## ABOUT THIS TASK
Beginning with the line that holds "Кровеносная система птиц круги" and ending with the last line below, repeat each line exactly, leaving any pictures out.

## COLLECTED DATA
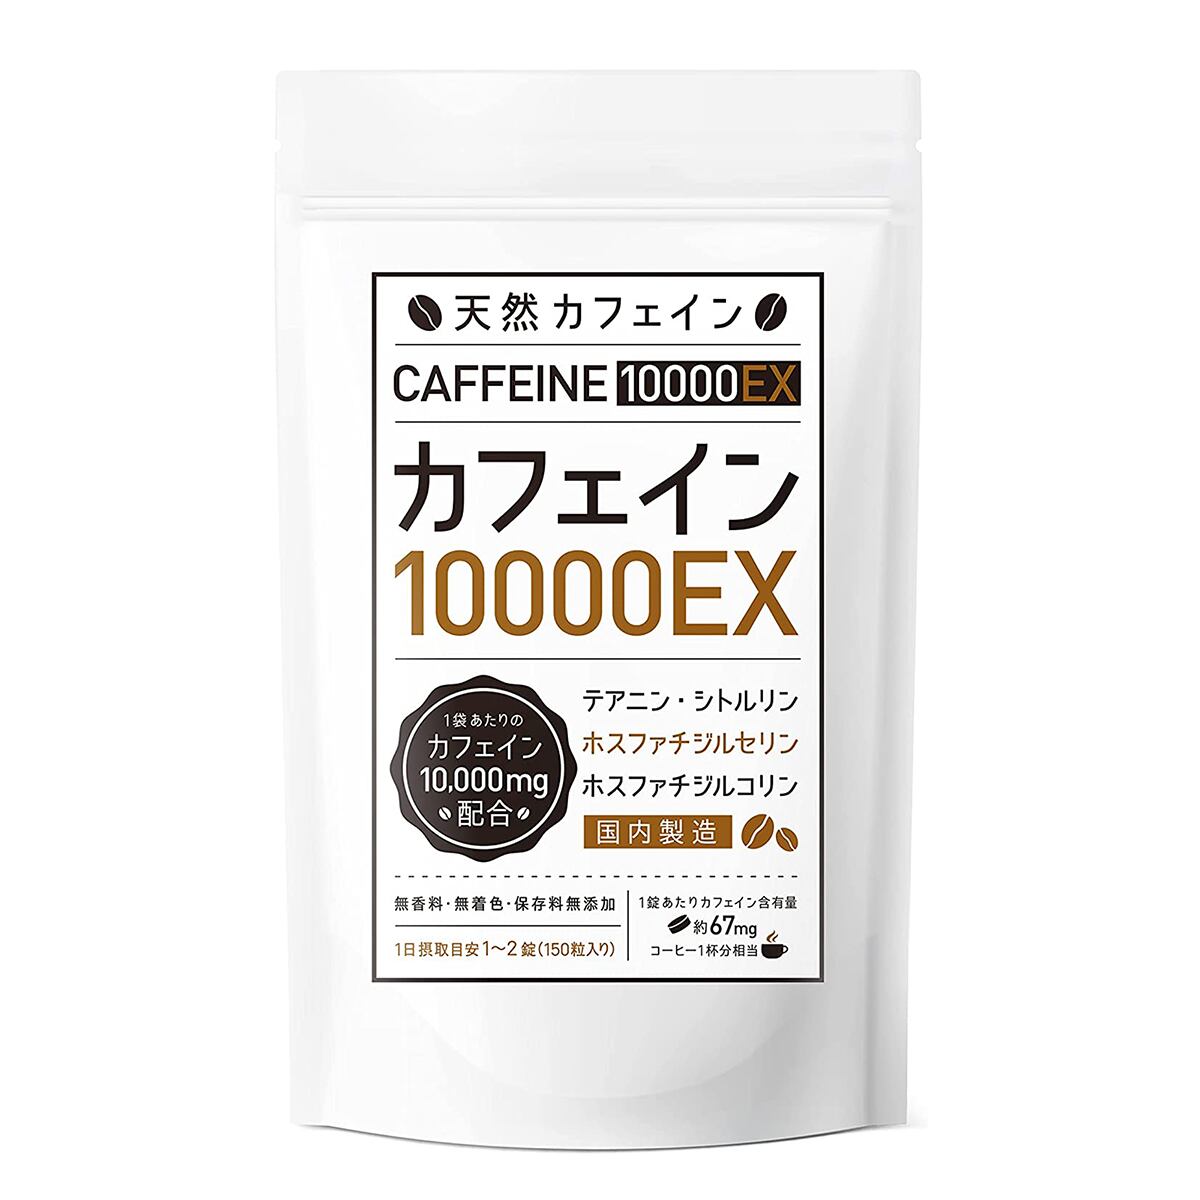 【２個まとめ買い15%OFF】カフェインサプリメント『カフェイン10000EX』
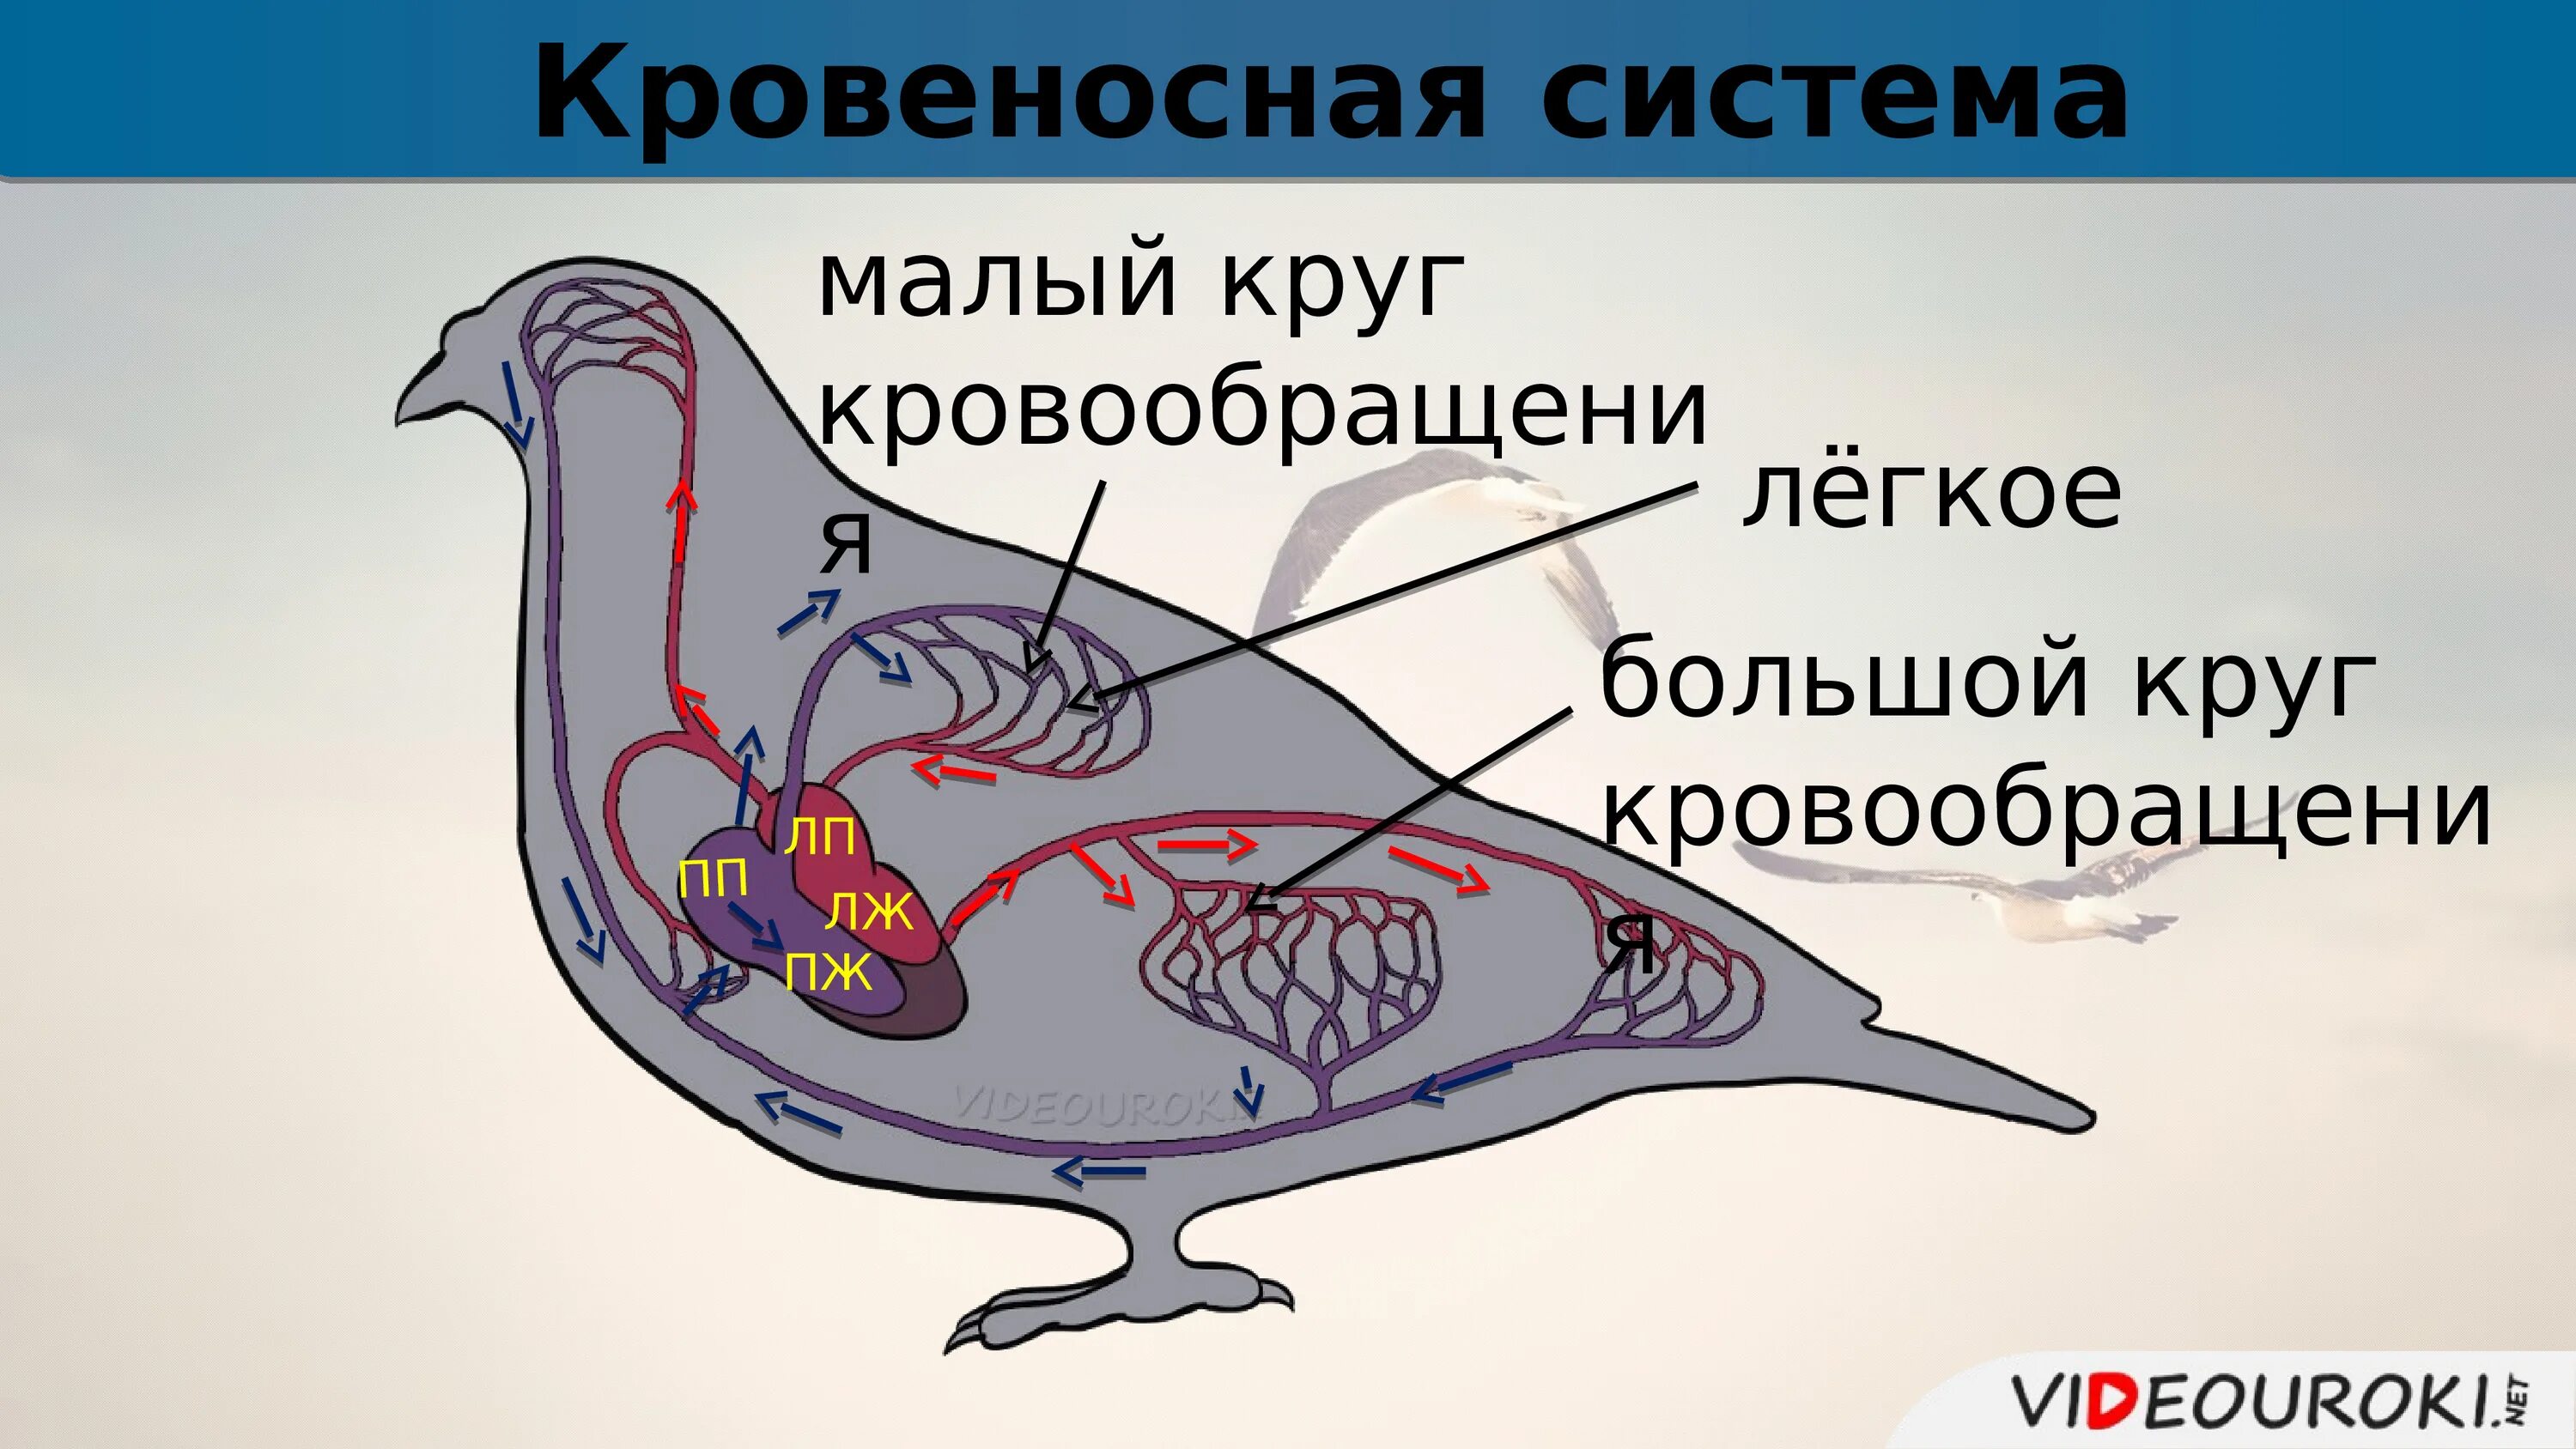 Кровеносная система птиц круги кровообращения. Кровеносная система птиц схема кругов кровообращения. Схема строения кровеносной системы птиц. Кровеносная система птиц большой и малый круг. Схема кровообращения птиц
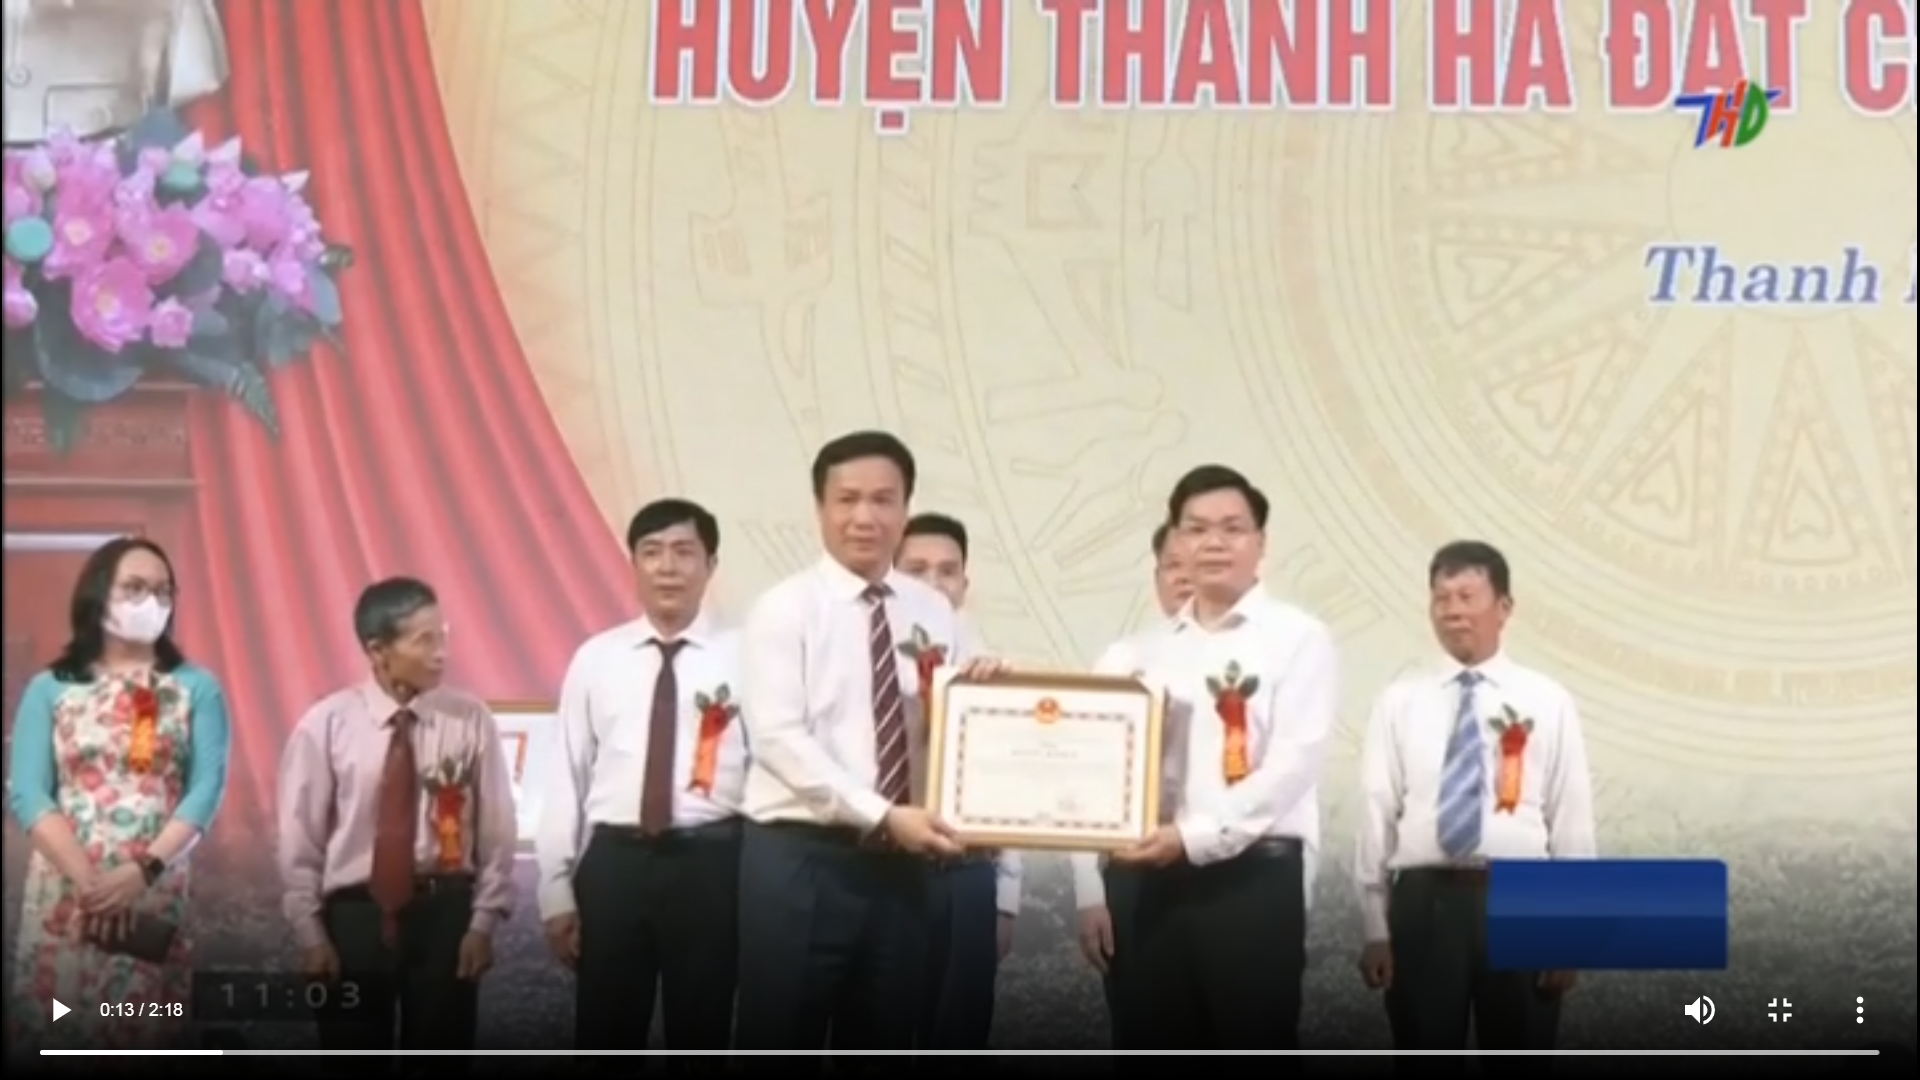 VIDEO: Huyện Thanh Hà long trọng đón nhận huyện đạt chuẩn NTM
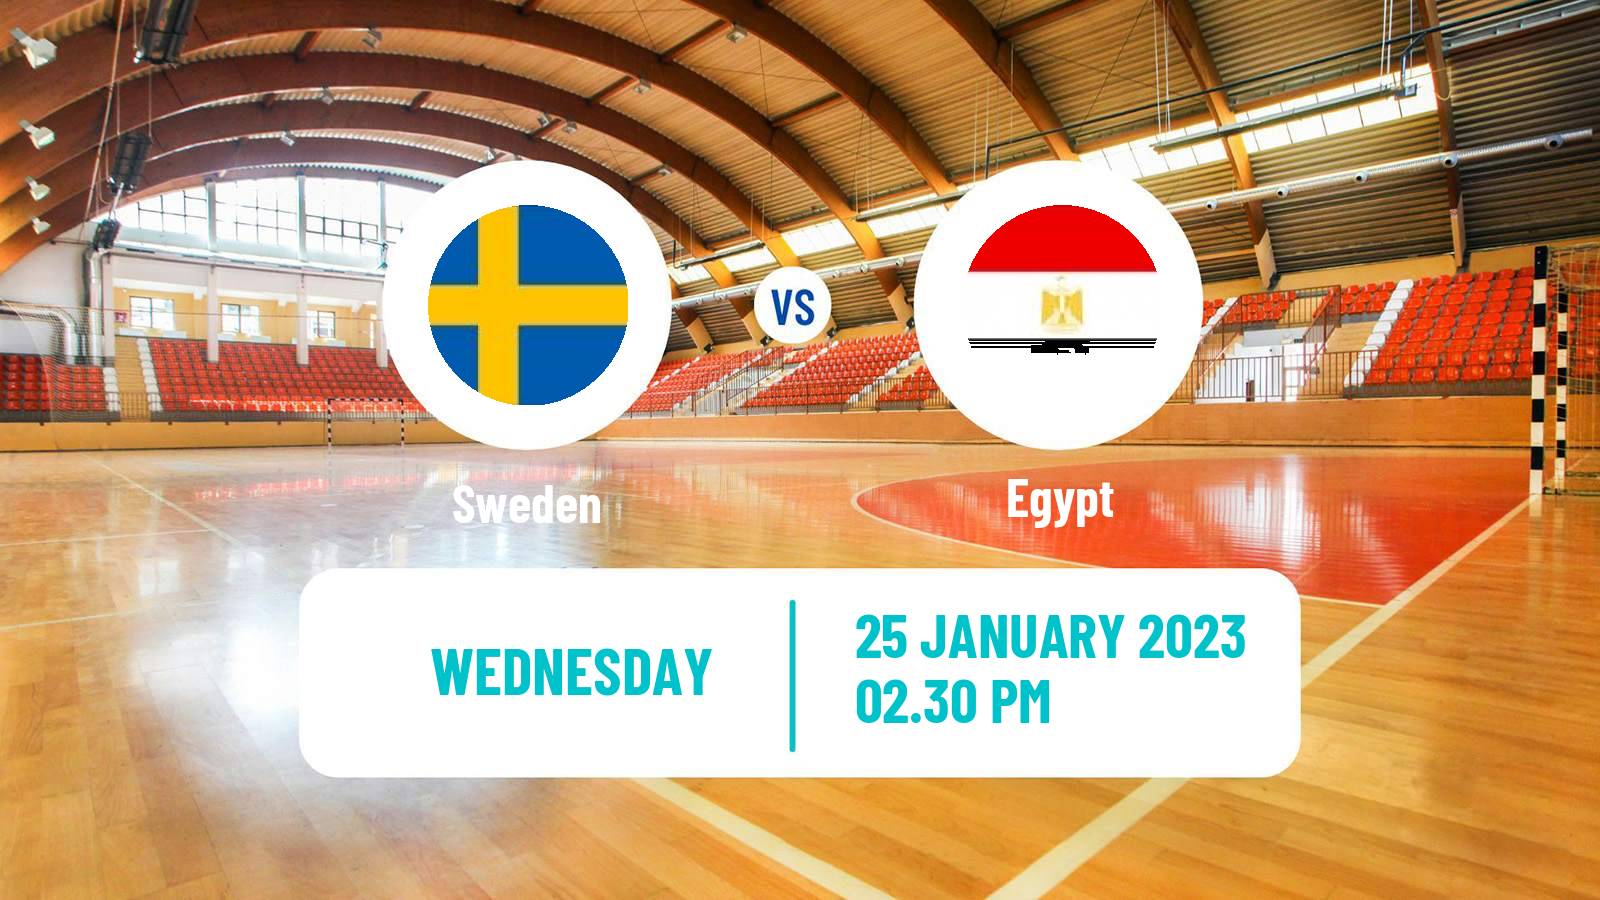 Handball Handball World Championship Sweden - Egypt

## ANSWER BELOW
 Кровеносная система птиц круги кровообращения. Кровеносная система птиц схема кругов кровообращения. Схема строения кровеносной системы птиц. Кровеносная система птиц большой и малый круг. Схема кровообращения птиц
 VIDEO: Huyện Thanh Hà long trọng đón nhận huyện đạt chuẩn NTM
 Handball Handball World Championship Sweden - Egypt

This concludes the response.